*Data section*.
-.-.-
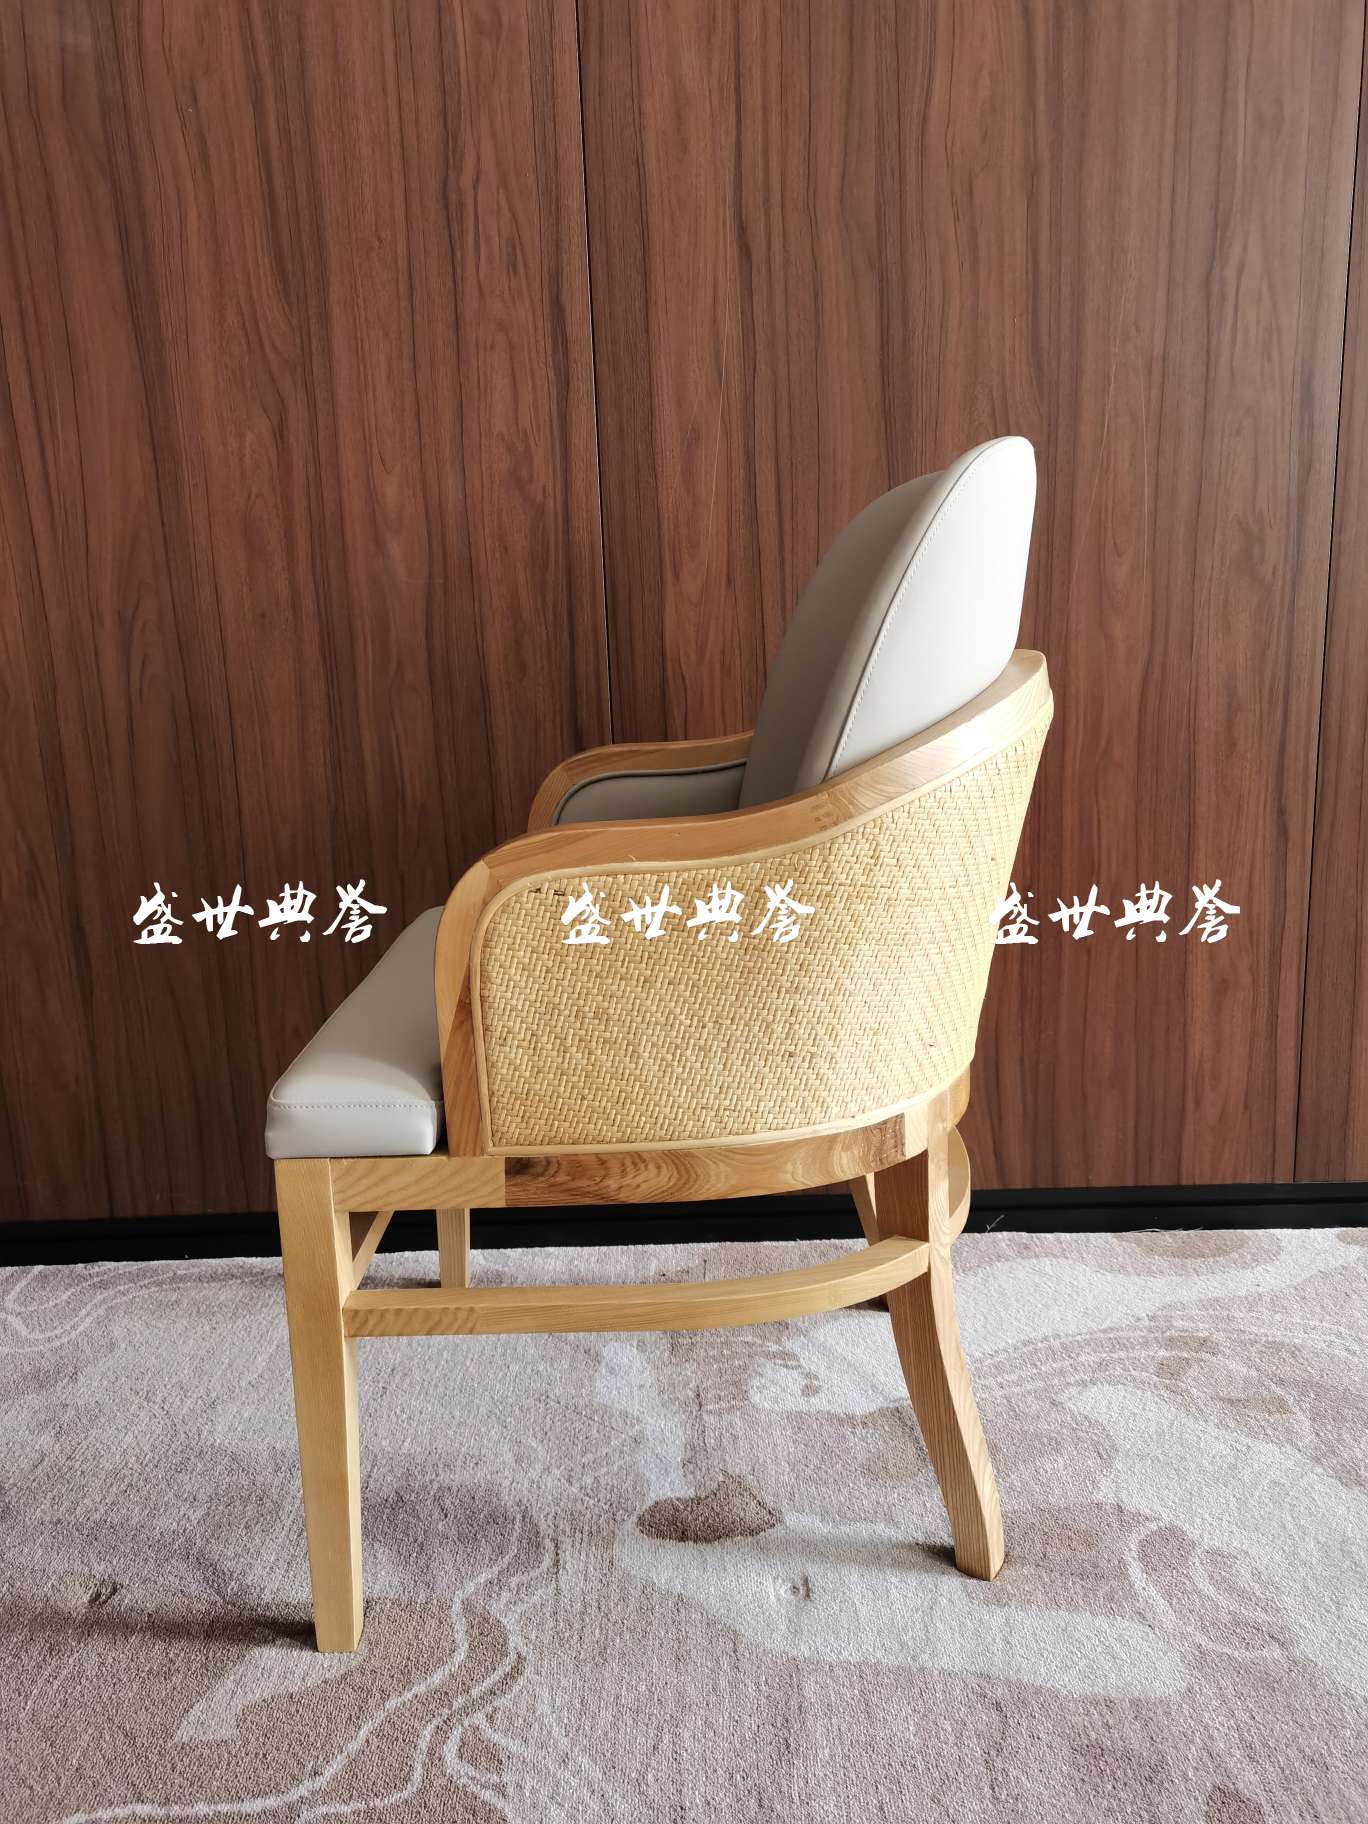 上海星级酒店实木餐桌椅国际大饭店包厢实木藤编椅子白蜡木扶手藤椅详情图3
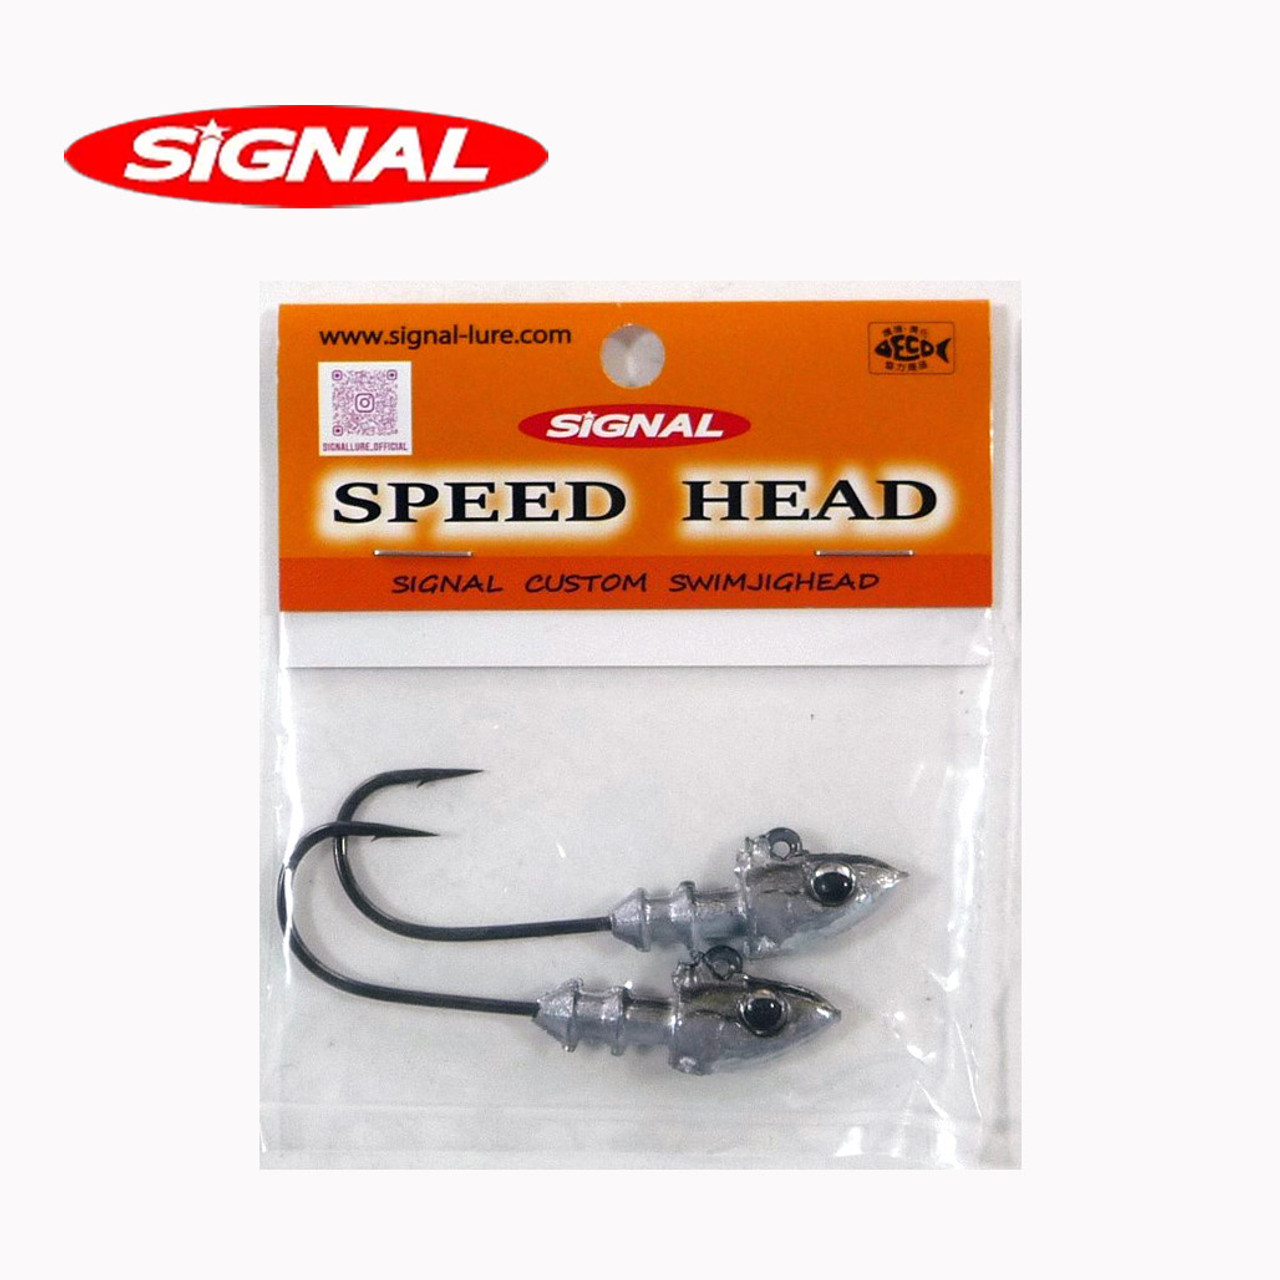 Signal SPEED HEAD NEW
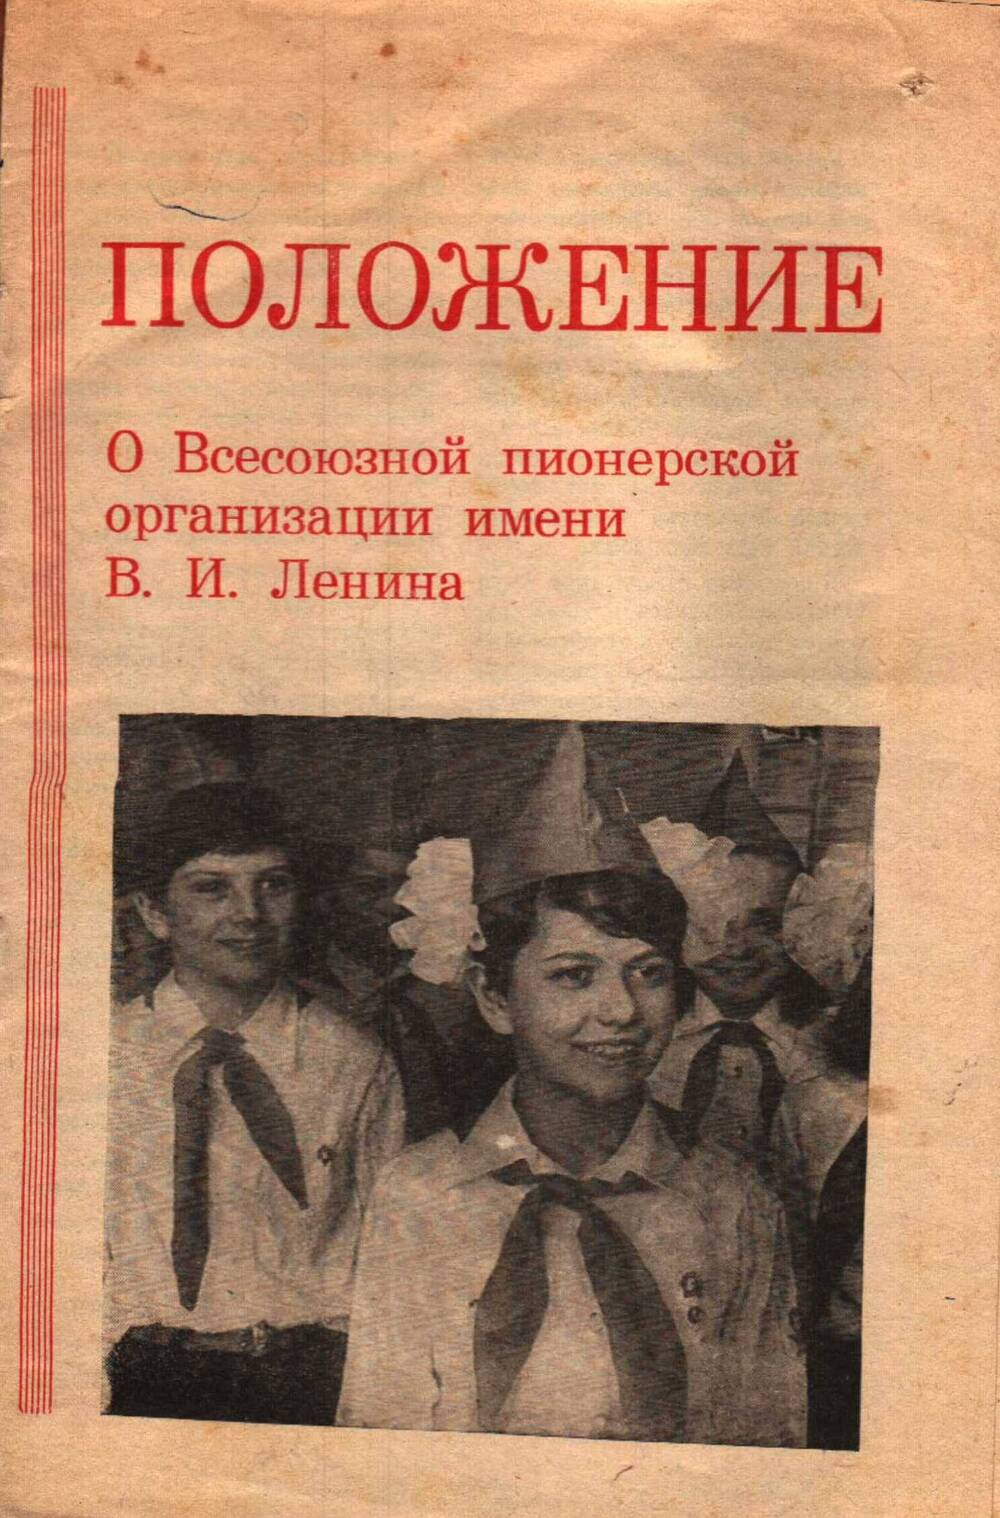 Положение о Всесоюзной пионерской организации им. В.И. Ленина, 1960 г.
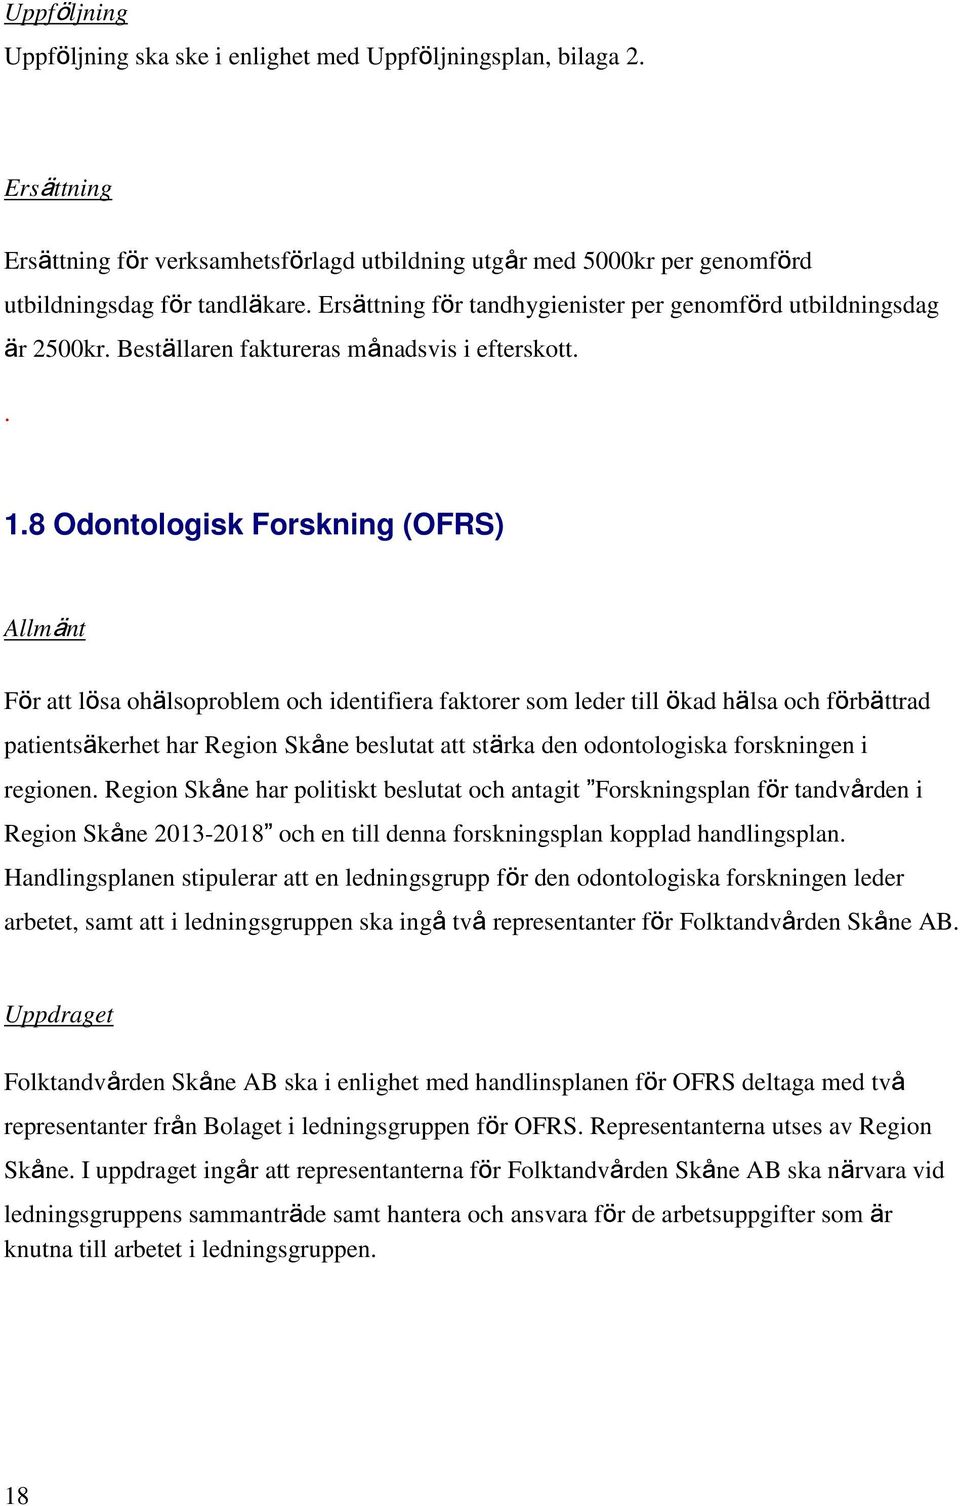 8 Odontologisk Forskning (OFRS) Allmänt För att lösa ohälsoproblem och identifiera faktorer som leder till ökad hälsa och förbättrad patientsäkerhet har Region Skåne beslutat att stärka den
-.-.-
*Instructions to follow*.
I need the lines from the line holding "Signal SPEED HEAD NEW" through the end of the material, inclusive, restated word for word and without pictures.

*The completed task*.
 Signal SPEED HEAD NEW
 Положение о Всесоюзной пионерской организации им. В.И. Ленина, 1960 г.
 8 Odontologisk Forskning (OFRS) Allmänt För att lösa ohälsoproblem och identifiera faktorer som leder till ökad hälsa och förbättrad patientsäkerhet har Region Skåne beslutat att stärka den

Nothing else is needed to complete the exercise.